Even when you consider that, we’re lucky. Some portfolios, including a lot of state pensions, require a certain rating level for most bonds they hold, but waive that requirement for Treasury bonds. That means the apocalypse could be put off even further, which is why the debt hawks are so worried. No crisis for Congress to panic about; no leverage for them to pass some combination of tax hikes and entitlement cuts.

That was exactly what S&P wanted, and it’s what Moody’s implies that it wants as it puts America’s bond rating on notice. When Obama warned of a Mad Max nightmare world of higher interest rates and falling dollars, he was trying to gin up support for a “grand bargain.” He had the pundit class behind him, led by Tom Friedman and his Mary Poppins bag of mixed metaphors. The world was about to collapse! If we don’t go big, the sky comes tumbling down!
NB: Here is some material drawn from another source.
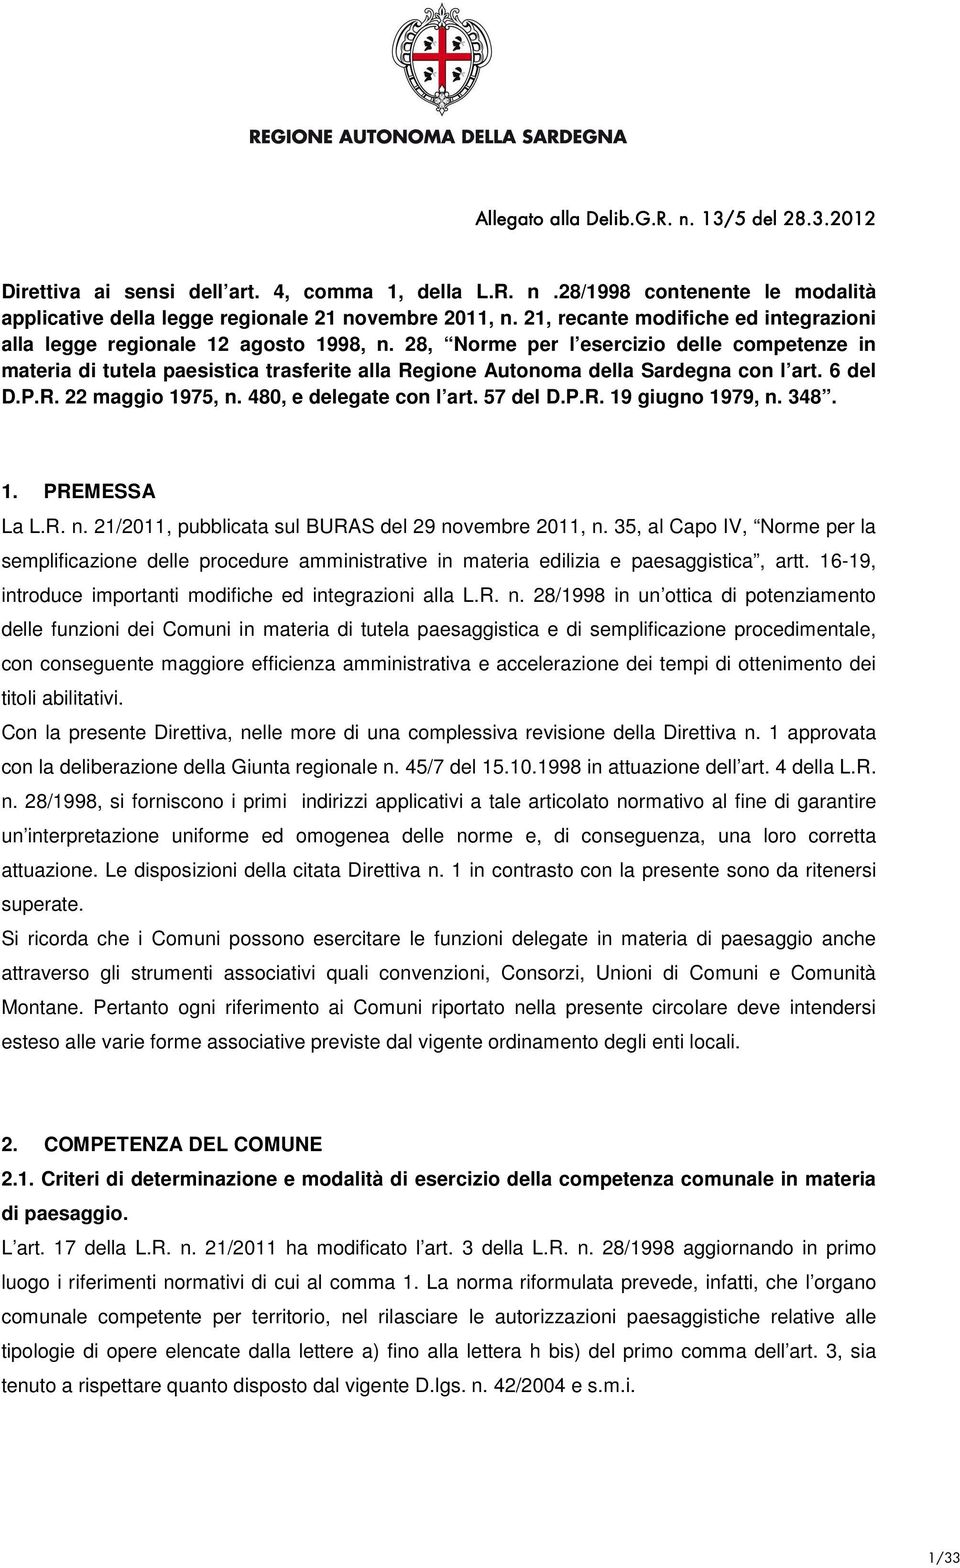 28, Norme per l esercizio delle competenze in materia di tutela paesistica trasferite alla Regione Autonoma della Sardegna con l art. 6 del D.P.R. 22 maggio 1975, n. 480, e delegate con l art.

The sky stayed where it was, so Congress moved even further away from something “grand.” This week, Democrats floated the idea of a $3 trillion supercommittee package, a combo of tax hikes and Medicare cuts, and Majority Leader John Boehner kicked it out of bounds: “I do think it’s time for everyone to get serious about this.”

This is the problem for deficit hawks: Too many members of Congress are convinced that the Treasury and the president called wolf. They think they were misled by the hopscotching “deadlines” set by Treasury Secretary Tim Geithner, by which the government wouldn’t be able to pay bills. They don’t know what to make of how the downgrade happened, and all they got was another zinger for some American Crossroads campaign ads. That’s moved Republicans back to zero, unwilling to revisit the issue of tax hikes, and convinced that they can reverse any cuts to defense even if the supercommittee fails them and $500 billion of defense spending is sequestered. The defense industry can prove how a crisis will hurt its bottom line. The Treasury? S&P? Moody’s? Not anymore.